# I am using LGB 30 degree I need more and saw aristocraft sell one also any one have a history with them before I buy



## LOST AND CONFUSED (Mar 7, 2008)

*I am using LGB 30 degree I need more and saw aristocraft sell one also any one have a history with them before I buy*

I have need for three more 30 degree crossings Lgb is very expensive but the one I have never derails cars .I was looking for people with outside layouts if they can give feedback of the cheaper aristocraft crossover 

thsmk you for any input


----------



## Rod Fearnley (Jan 2, 2008)

*RE: I am using LGB 30 degree I need more and saw aristocraft sell one also any one have a history with them before I buy*

Stan Cedarleaf has one for sale in the classifieds................ http://www.mylargescale.com/Shopping/Classifieds/tabid/61/agentType/View/PropertyID/872/Default.aspx








Rod


----------



## toddalin (Jan 4, 2008)

*RE: I am using LGB 30 degree I need more and saw aristocraft sell one also any one have a history with them before I buy*

In 13 years living outside, the only problem that I've had with my AristoCraft unit is that the small wires underneath corrode at the screws and loose contact.
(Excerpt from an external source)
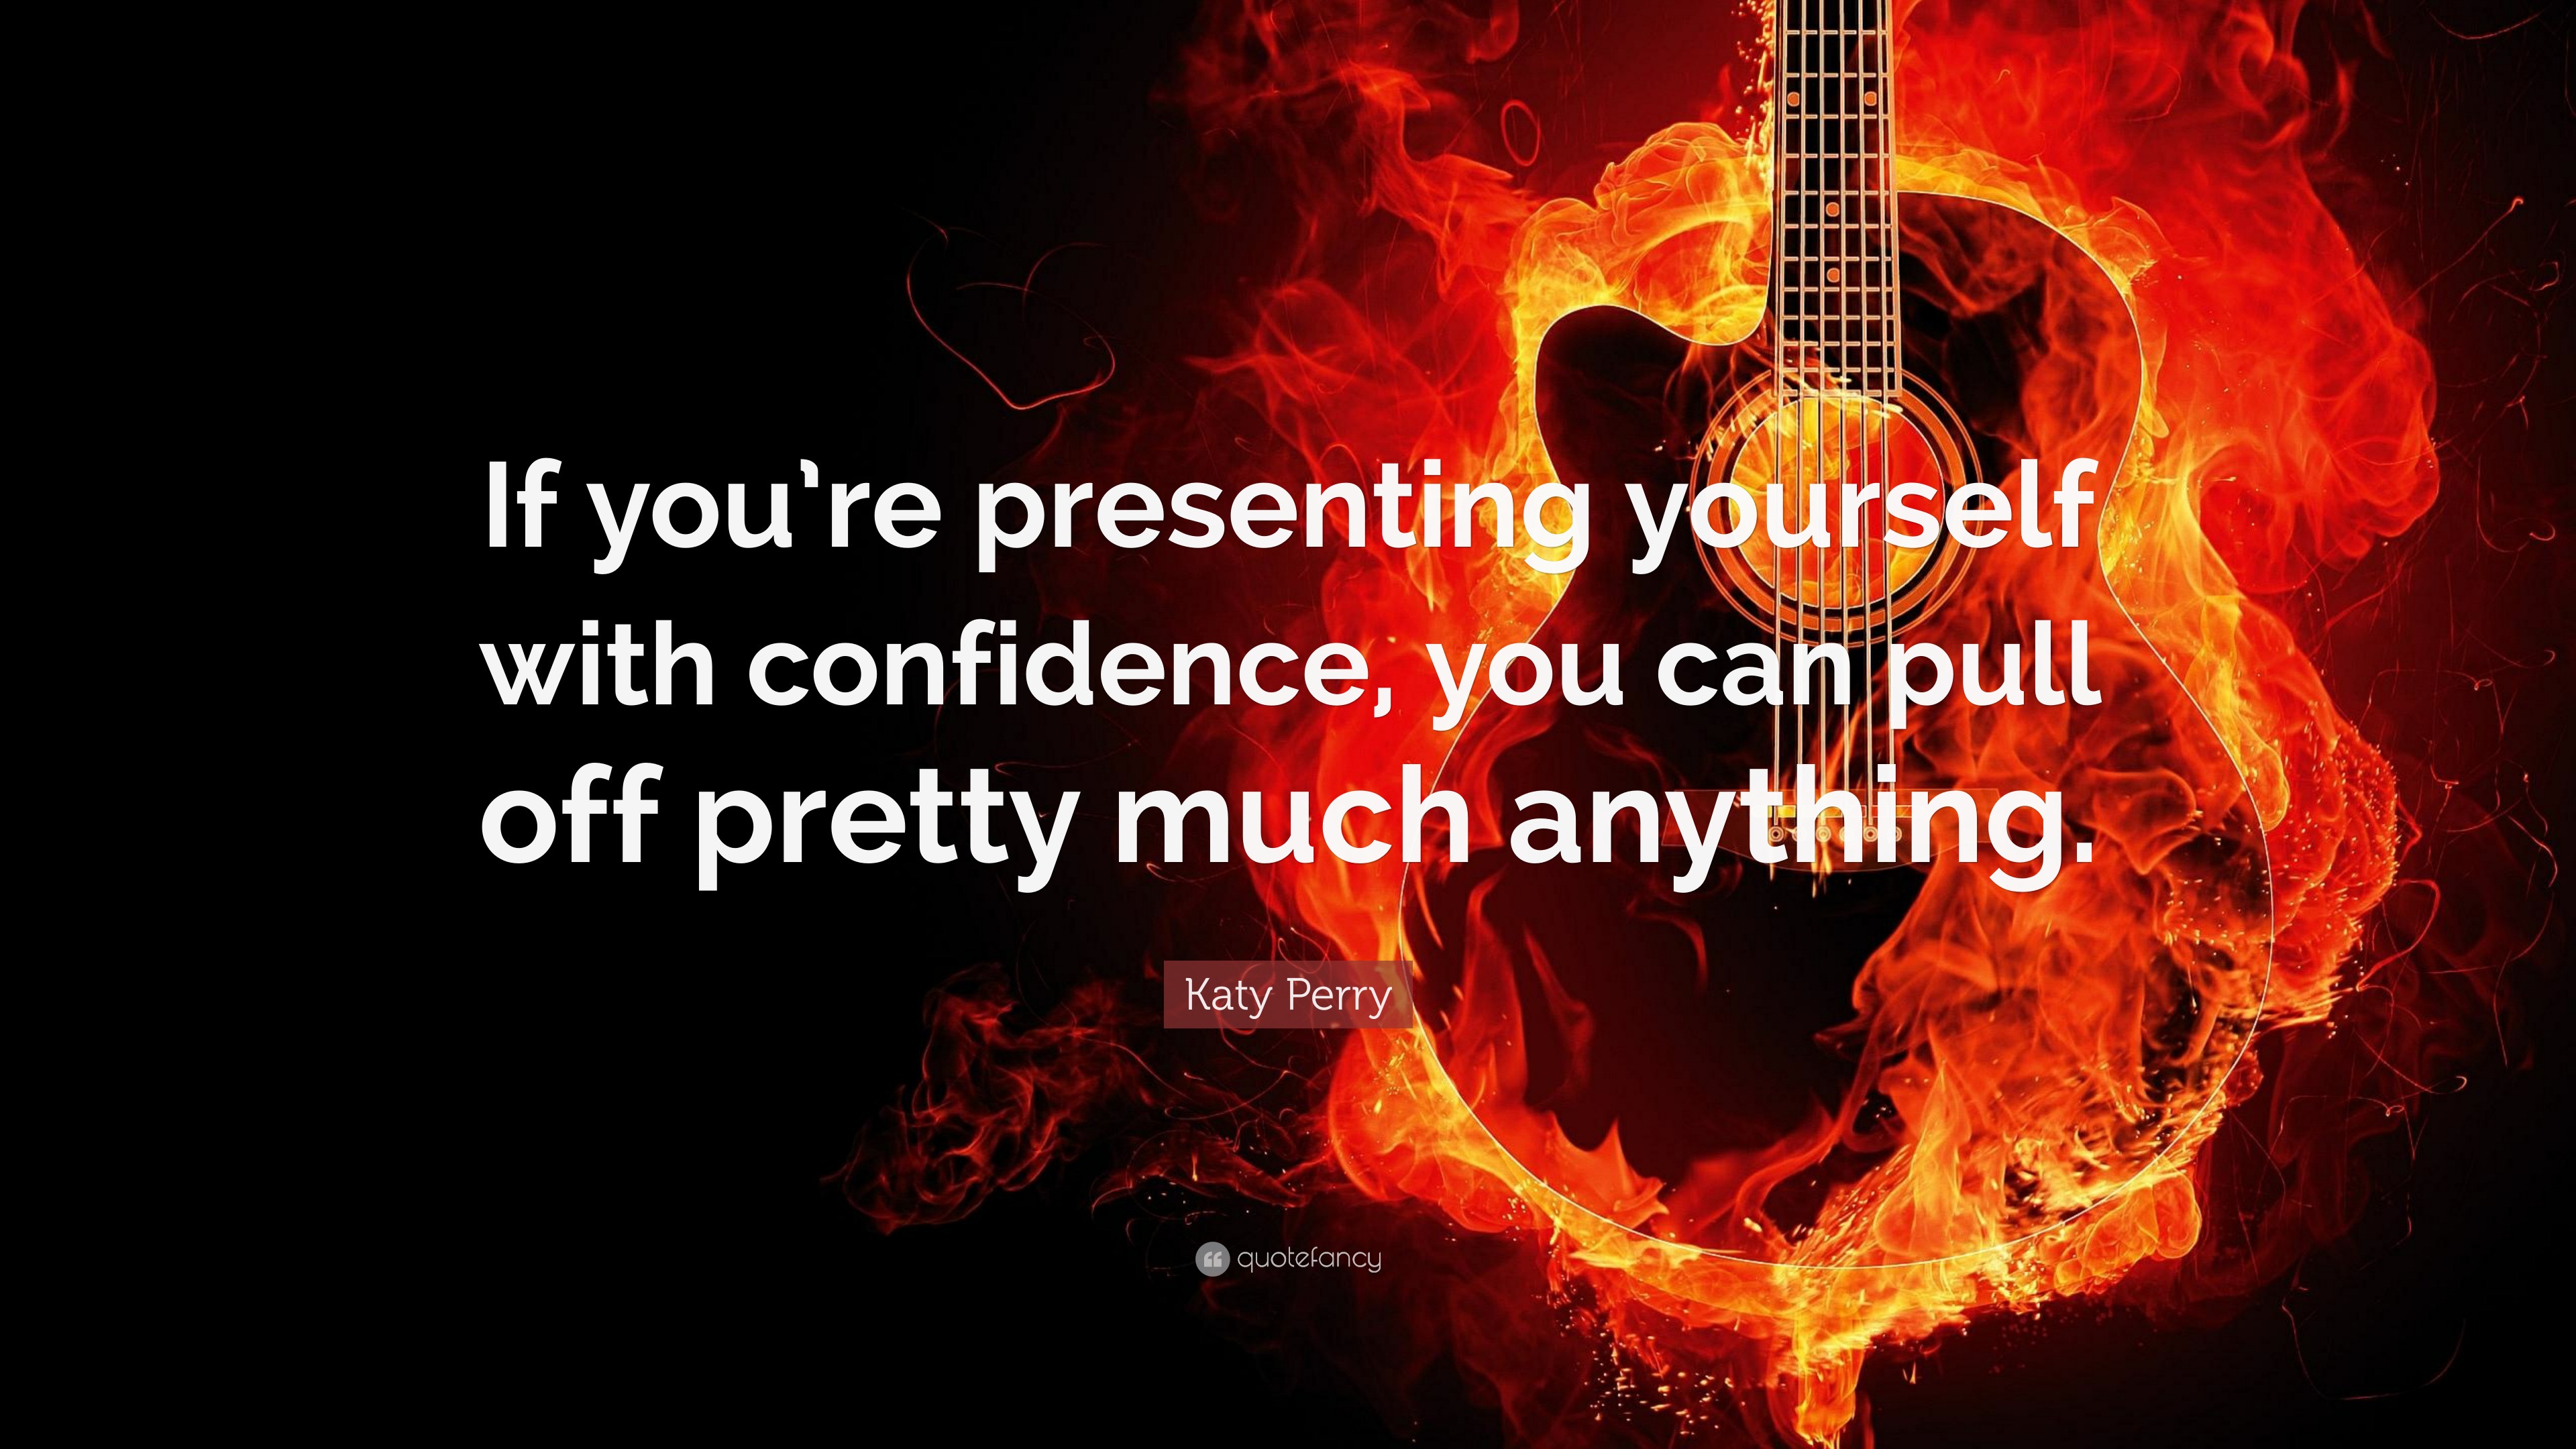 Confidence Quotes (50 Wallpapers) - Quotefancy

If you solder these before installation, there should be no problems.


----------



## Spule 4 (Jan 2, 2008)

*RE: I am using LGB 30 degree I need more and saw aristocraft sell one also any one have a history with them before I buy*

Checking the retail and discount prices for the Aristocraft 30 degree crossing, consider second hand LGB ones. 

My 30 degree crossings (good condition in the boxes) were about $15-20 less than what the Aristo ones were going for, and a check of eBay shows the last one (yellow box) went for $30....


----------